I have two problems here:
approx only interpolates, i.e. it does not create a linear fit across min(x) and max(x). If I am now interested in days 1:100, I first need to do it by hand using days 9 and 15 (first 2 lines of A) via:
first_days <- 1:(A[1,days]-1) #1:8
rate_vec[first_days] <- A[1,rate] +
(first_days - A[1,days])/(A[2,days]-A[1,days])*(A[2,rate]-A[1,rate])
and then using the approx line above for rate_vec[9:100]. Is there a way of doing this in 1 step?
Right now, given that I need two steps and the shift point between the two procedures (here 9) differs among dates, I cannot see an implementation via data.table, although this would be vastly preferred (using data.table methods to interpolate/extrapolate and then returning the expanded data.table object). Thus, I currently run a for loop through the dates, which is of course much, much slower.
Question: Is the problem above better implementable and also, is this somehow doable with data.table methods instead of looping through A?
How about something like this.
# please try to make a fully reproducible example!
library(data.table)
df <- fread(input=
"date days rate
1996-01-02 9 5.763067
1996-01-02 15 5.745902
1996-01-02 50 5.673317
1996-01-02 78 5.608884
1996-01-02 169 5.473762
1996-01-03 9 5.763067
1996-01-03 14 5.747397
1996-01-03 49 5.672263
1996-01-03 77 5.603705
1996-01-03 168 5.470584
1996-01-04 11 5.729460
1996-01-04 13 5.726104
1996-01-04 48 5.664931
1996-01-04 76 5.601891
1996-01-04 167 5.468961")
df[,date := as.Date(date)]
1. Create NA values of rate for days in range 1:100 that aren't in dataset
df <-
merge(df,
expand.grid( days=1L:100L, # whatever range you are interested in
date=df[,sort(unique(date))] ), # dates with at least one observation
all=TRUE # "outer join" on all common columns (date, days)
)
2. For each value of date, use a linear model to predict NA values of rate.
df[, rate := ifelse(is.na(rate),
predict(lm(rate~days,.SD),.SD), # impute NA w/ lm using available data
rate), # if not NA, don't impute
keyby=date]
Gives you:
head(df,10)
# date days rate
# 1: 1996-01-02 1 5.766787 <- rates for days 1-8 & 10 are imputed
# 2: 1996-01-02 2 5.764987
# 3: 1996-01-02 3 5.763186
# 4: 1996-01-02 4 5.761385
# 5: 1996-01-02 5 5.759585
# 6: 1996-01-02 6 5.757784
# 7: 1996-01-02 7 5.755983
# 8: 1996-01-02 8 5.754183
# 9: 1996-01-02 9 5.763067 <- this rate was given
# 10: 1996-01-02 10 5.750581
If there are values of date without at least two observations of rate, you will probably get an error because you won't have enough points to fit a line.
Alternative: Rolling joins solution for piecewise linear interpolation
This requires rolling joins to left and right, and an average of the two that ignores NA values.

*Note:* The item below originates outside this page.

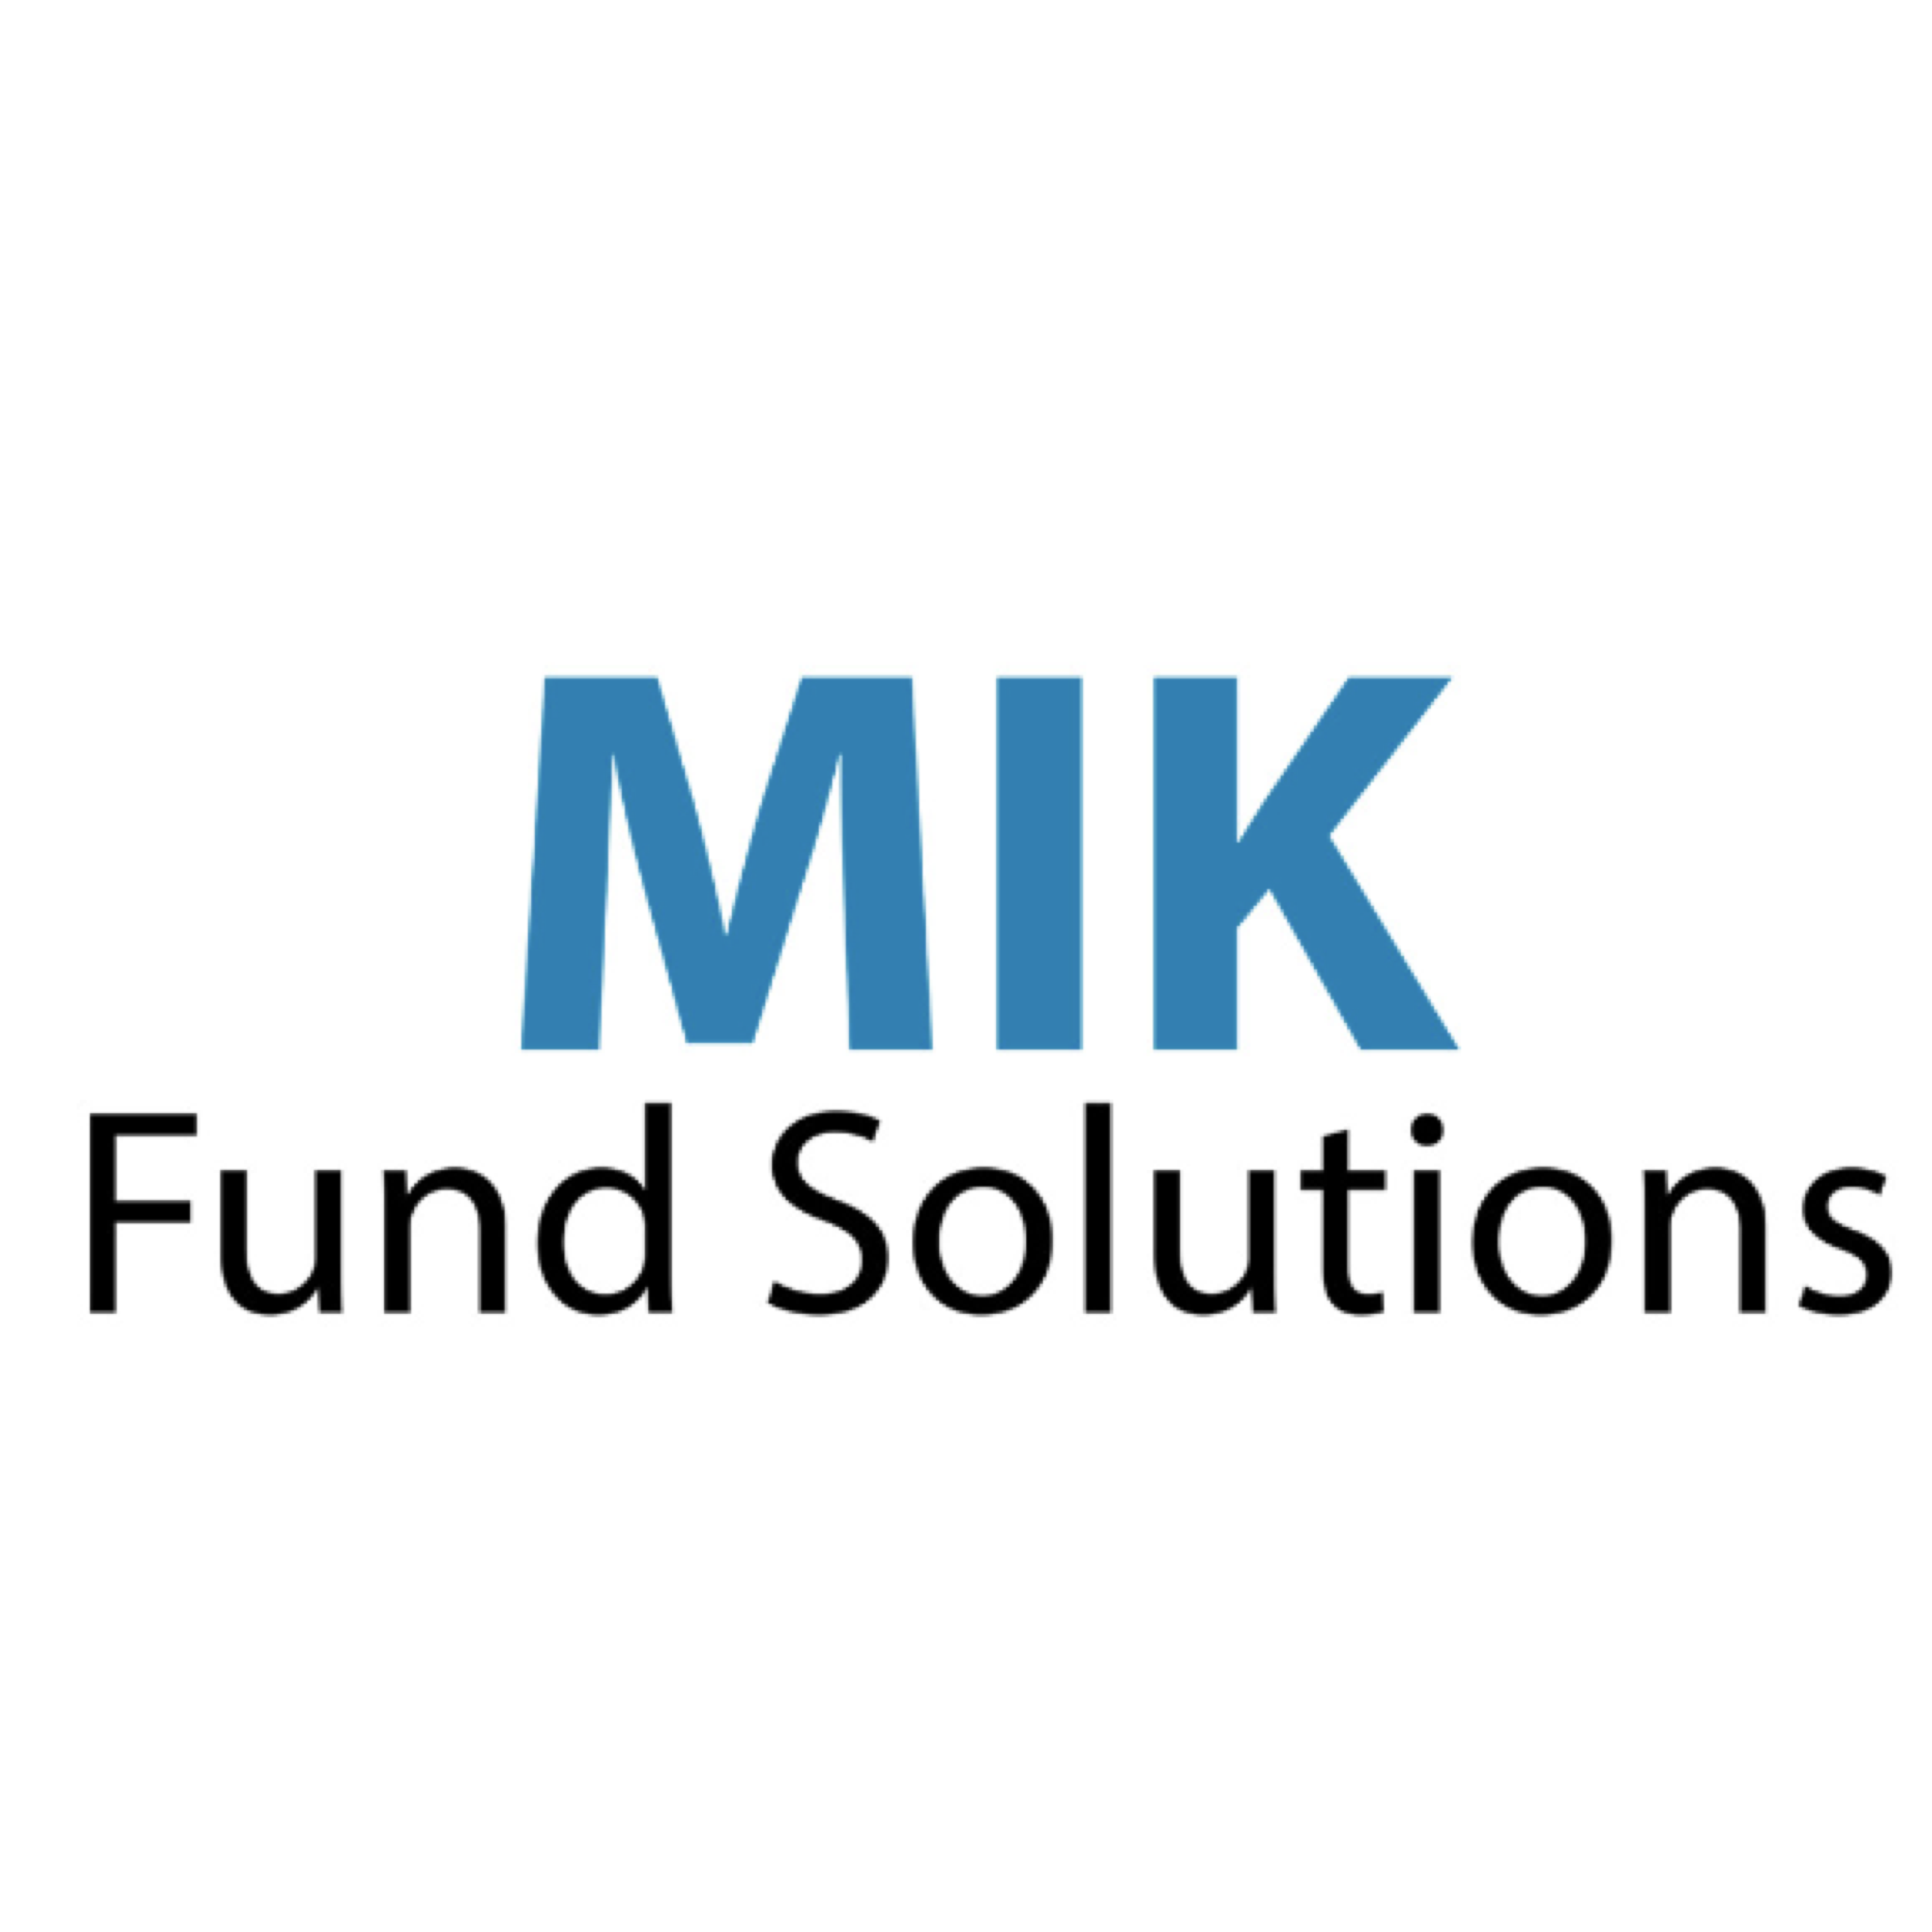 MIK Fund Solutions

This doesn't do well for extrapolation, though, since it's just a constant (either the first or last obs) outside the indices of observations.
setkey(df, date, days)
df2 <- data.table( # this is your framework of date/days pairs you want to evaluate
expand.grid( date=df[,sort(unique(date))],
days=1L:100L),
key = c('date','days')
)
# average of non-NA values between two vectors
meanIfNotNA <- function(x,y){
(ifelse(is.na(x),0,x) + ifelse(is.na(y),0,y)) /
( as.numeric(!is.na(x)) + as.numeric(!is.na(y)))
}
df3 <- # this is your evaluations for the date/days pairs in df2.
setnames(
df[setnames( df[df2, roll=+Inf], # rolling join Last Obs Carried Fwd (LOCF)
old = 'rate',
new = 'rate_locf'
),
roll=-Inf], # rolling join Next Obs Carried Backwd (NOCB)
old = 'rate',
new = 'rate_nocb'
)[, rate := meanIfNotNA(rate_locf,rate_nocb)]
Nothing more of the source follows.